Even at the height of his fame, Jeanne could not shield Louis from temptation. A cocktail party at the Maison de la Radio in 1970 brought the 56-year-old actor together with 27-year-old journalist Masha Beranger. Despite their mutual attraction, the star of Fantômas warned her that he would not leave his family. The affair brought unhappiness to everyone involved; the younger woman did not bring it to an end. “Reputation and money mean nothing,” Louis de Funès said. “What matters is a good heart. Those who lack it are worth nothing.”
The Hard Road to the Top
Audience recognition arrived in the 1960s, and de Funès began appearing in three to four films a year. The actor who brought Commissioner Juve to life and starred in the Fantômas trilogy was discovered by director André Hunebelle. Key films in his career also included Gérard Oury’s The Sucker and The Great Stroll. The actor, who had recently described his role as having been to “open the door for Pierre Lark and then close it,” suddenly found himself awakened to fame later in life. His fruitful collaboration with director Jean Girault led to leading roles in the comedy Pique-Pique and the popular series about The Gendarme of Saint-Tropez. Yet even after the success of Fantômas, he worried audiences would forget him: “There are many people more interesting than me, for I am an ordinary person who just got lucky.”
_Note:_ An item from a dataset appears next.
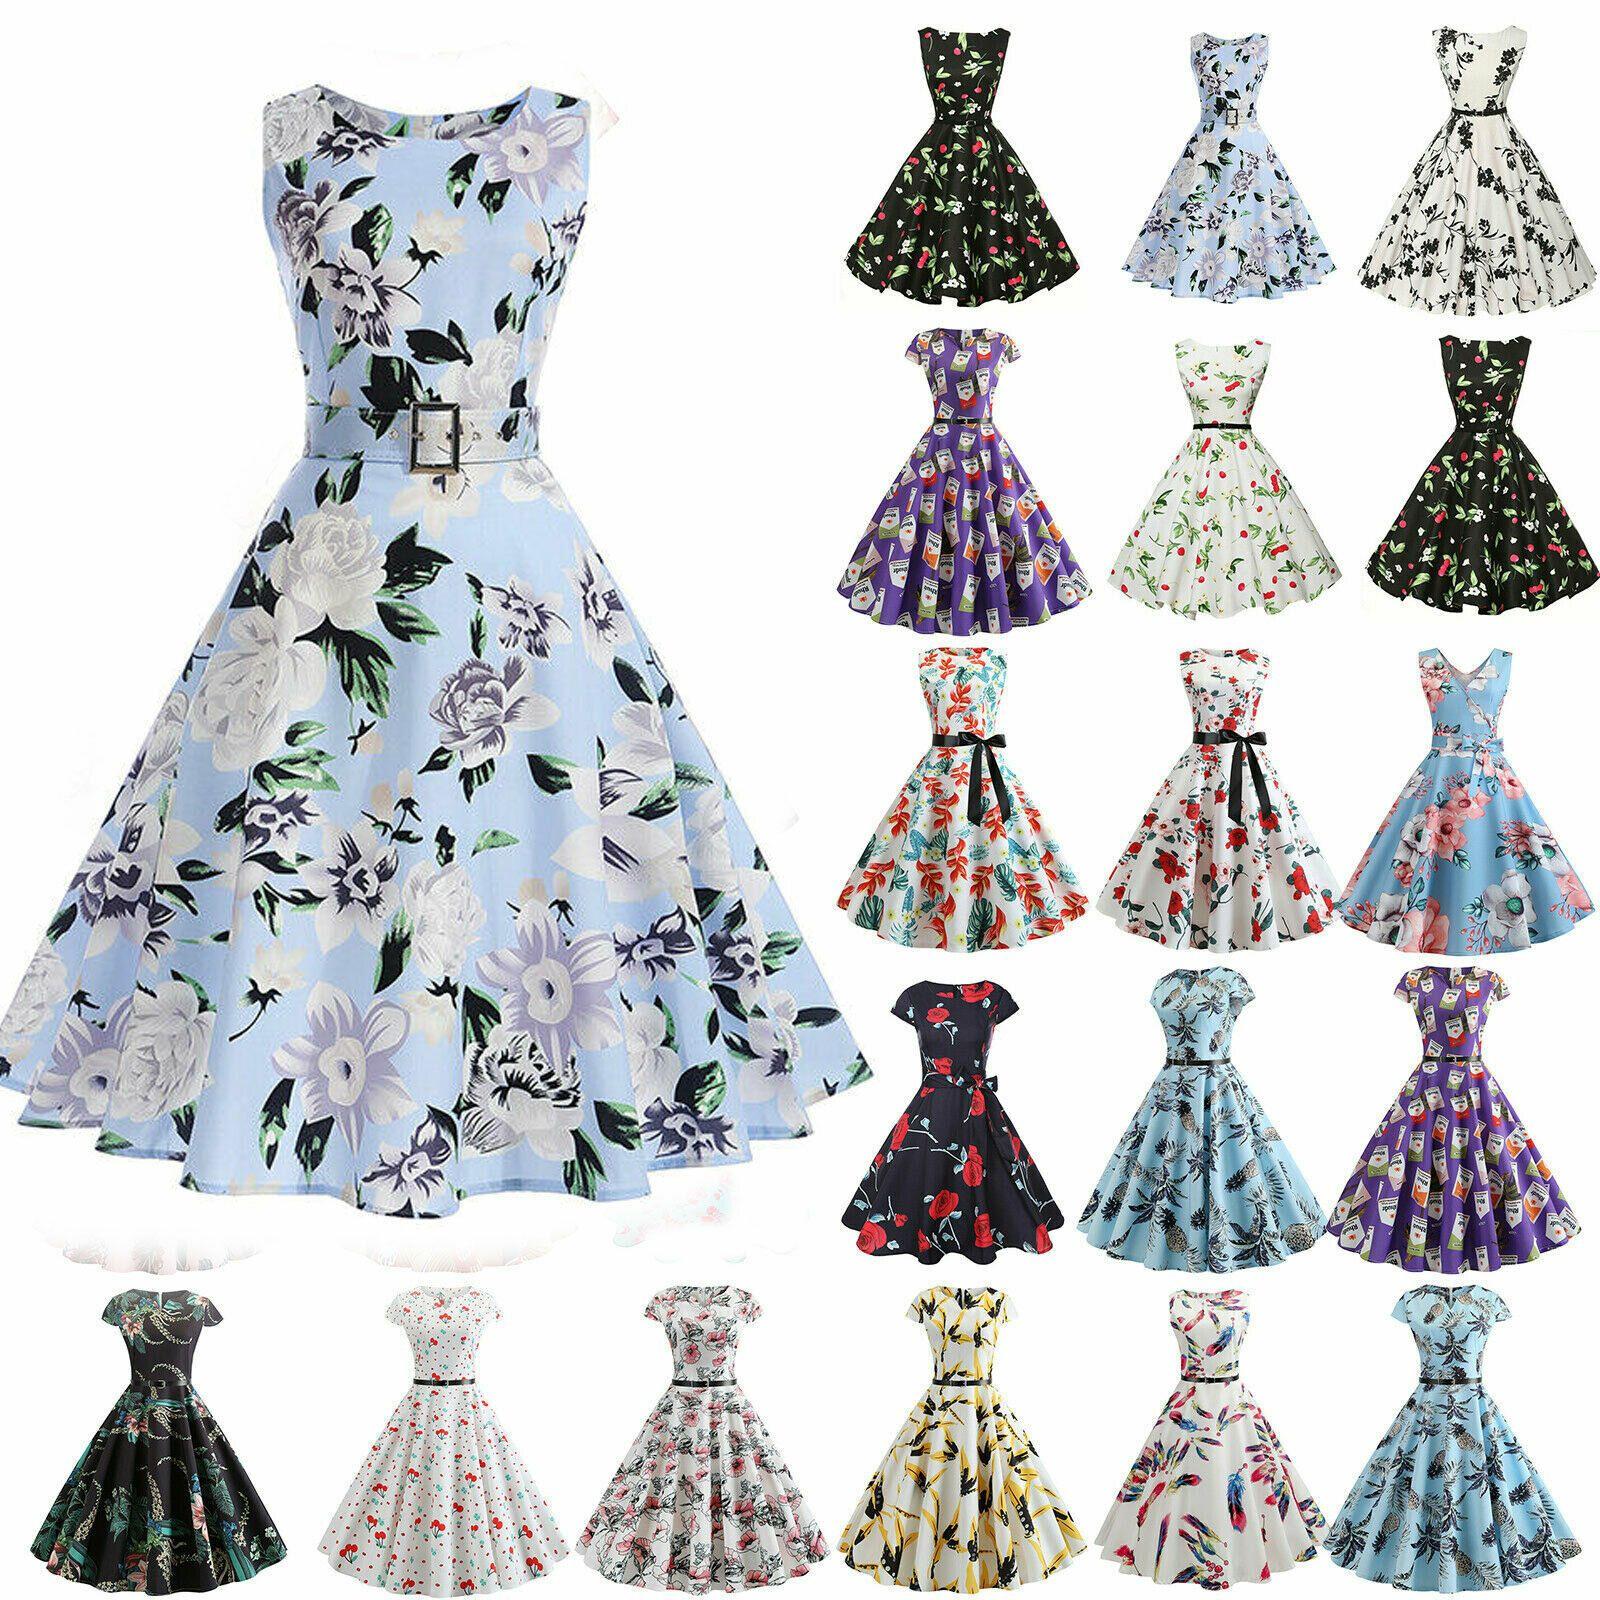 15 Wunderbar Abend Petticoat Kleid Bester Preis20 Schön Abend Petticoat Kleid Vertrieb
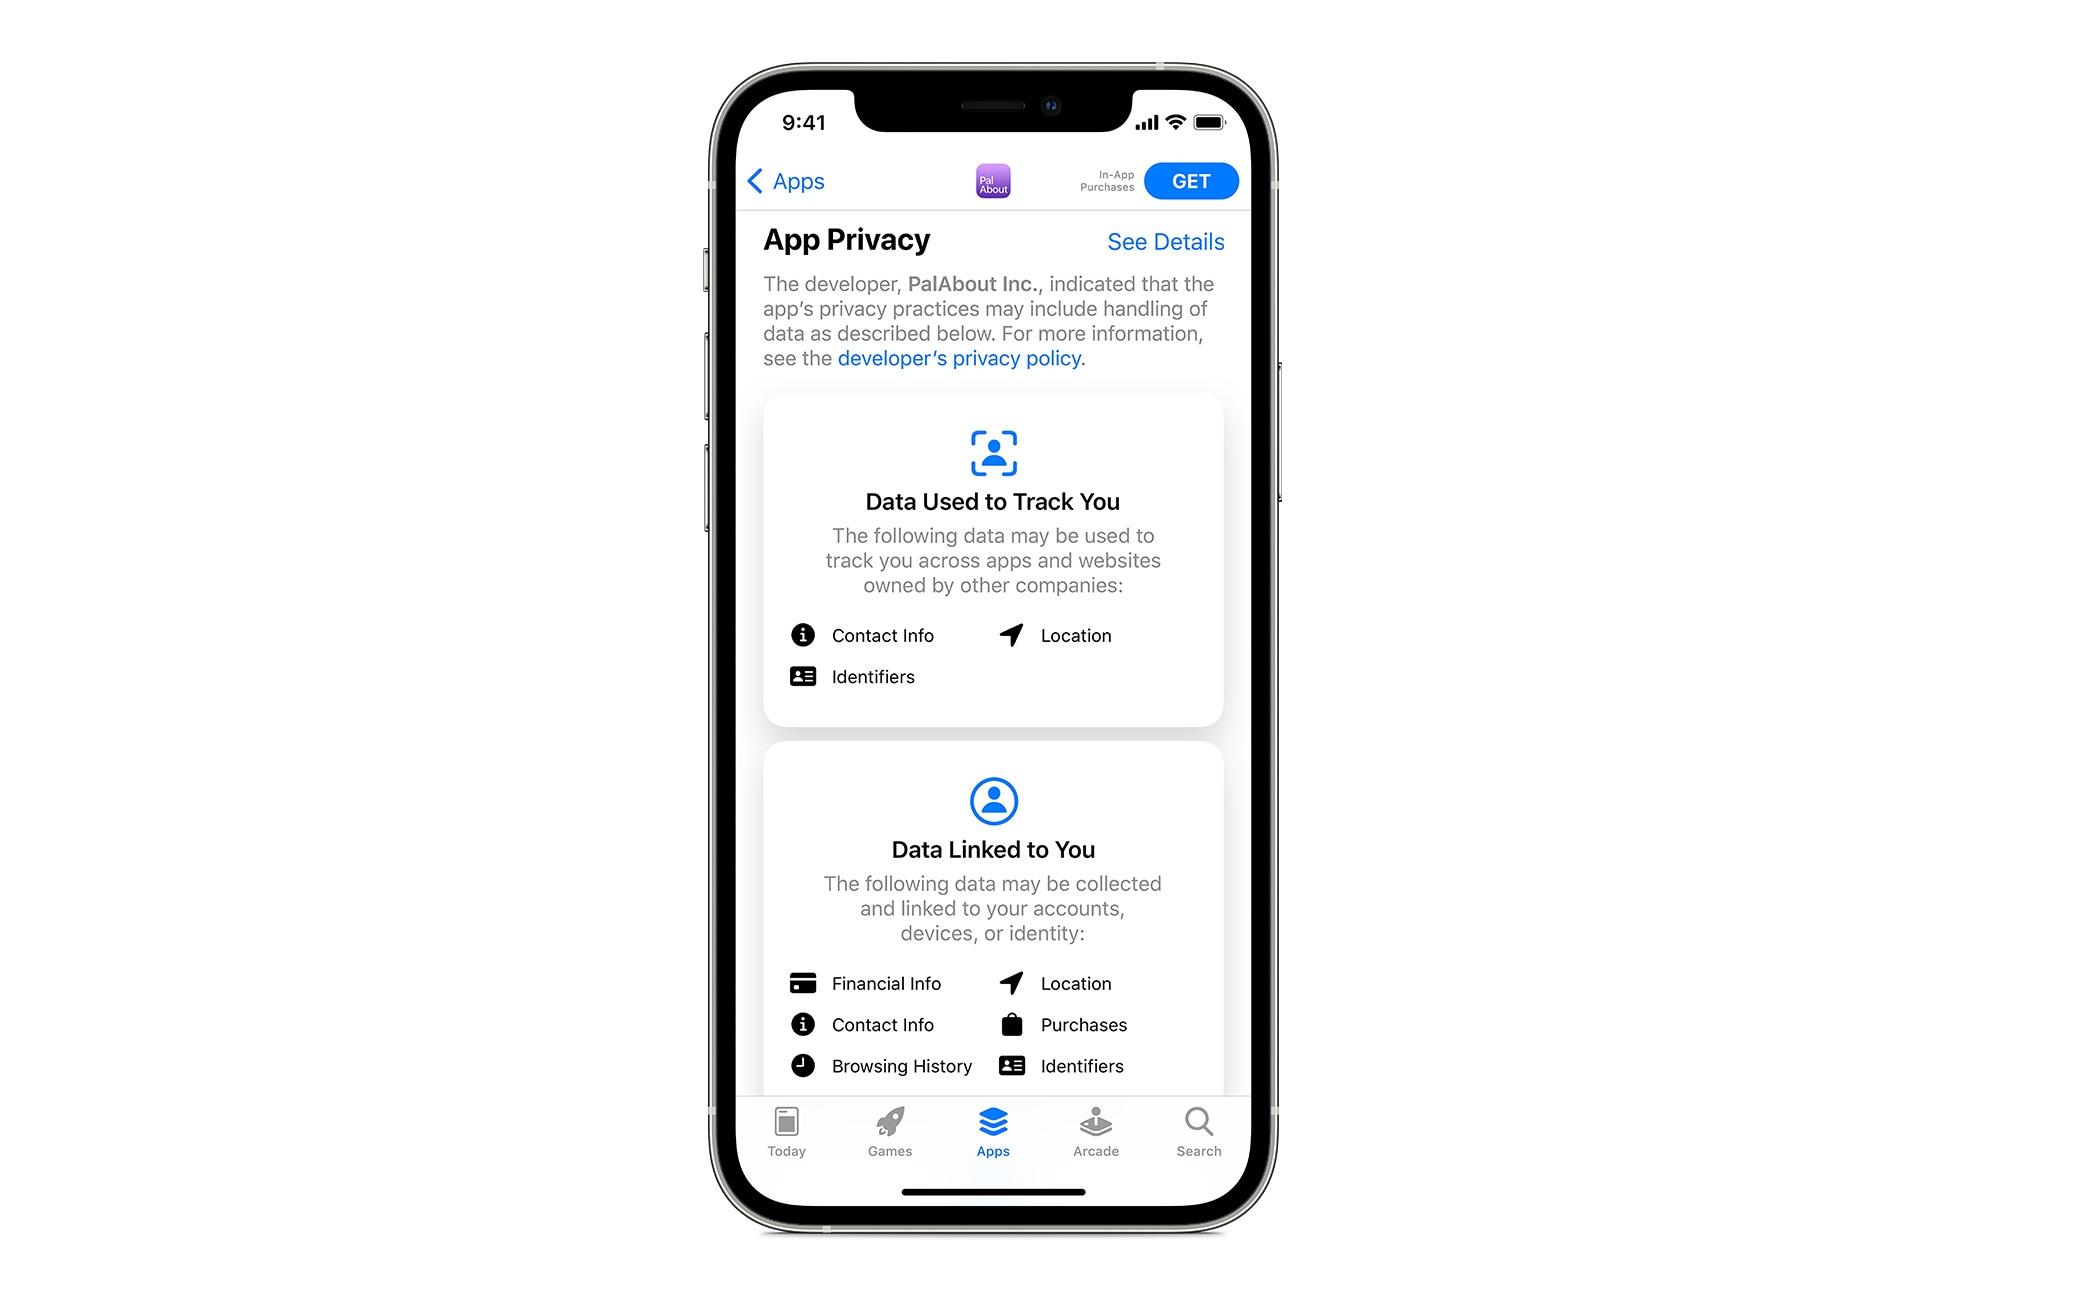 La nuova sezione dell'App Store dedicata alla privacy di ogni singola app

Louis de Funès as a gendarme
He did not complain about the slow pace of his rise. “This delay allowed me to master my profession better,” de Funès said. “The acting techniques I learned in episodic roles became useful later in leading roles. Now I understand my father’s words about a career, which he compared to climbing stairs—you need to stop and gather strength for the next ascent.”
After suffering two heart attacks in 1975, Louis de Funès followed his doctors’ advice to take a break from filming and moved to the family estate inherited from his wife: the mid-17th-century Château de Clermont. The de Funès estate included 30 rooms, 366 windows, old outbuildings, and a private historic chapel, plus 30 hectares of parkland and 17 hectares of vineyards. In the rose garden beside the castle on the outskirts of Nantes, the artist cultivated roses named after him: breeders christened an optimistic orange variety “Louis de Funès.”

Château de Clermont
After restoring his health away from the hustle and bustle of Paris—he even avoided the phone for a while and spoke only with the gardener—de Funès accepted Claude Zidi’s offer to star in Wing or Thigh. He went on to appear in several more films and even tried directing, with critics calling his efforts modest.
In 1982 he was invited to join the sixth film in Jean Girault’s beloved Gendarme series, The Gendarme and the Gendarmettes, but Girault died during filming. The loss devastated the actor.
His last words to his wife were a quiet confession: “I feel lonely in my room.” On January 27, 1983, Louis de Funès died of another heart attack. That a man who brought so much joy to others suffered three heart attacks reminded the world that even a comic has a fragile heart.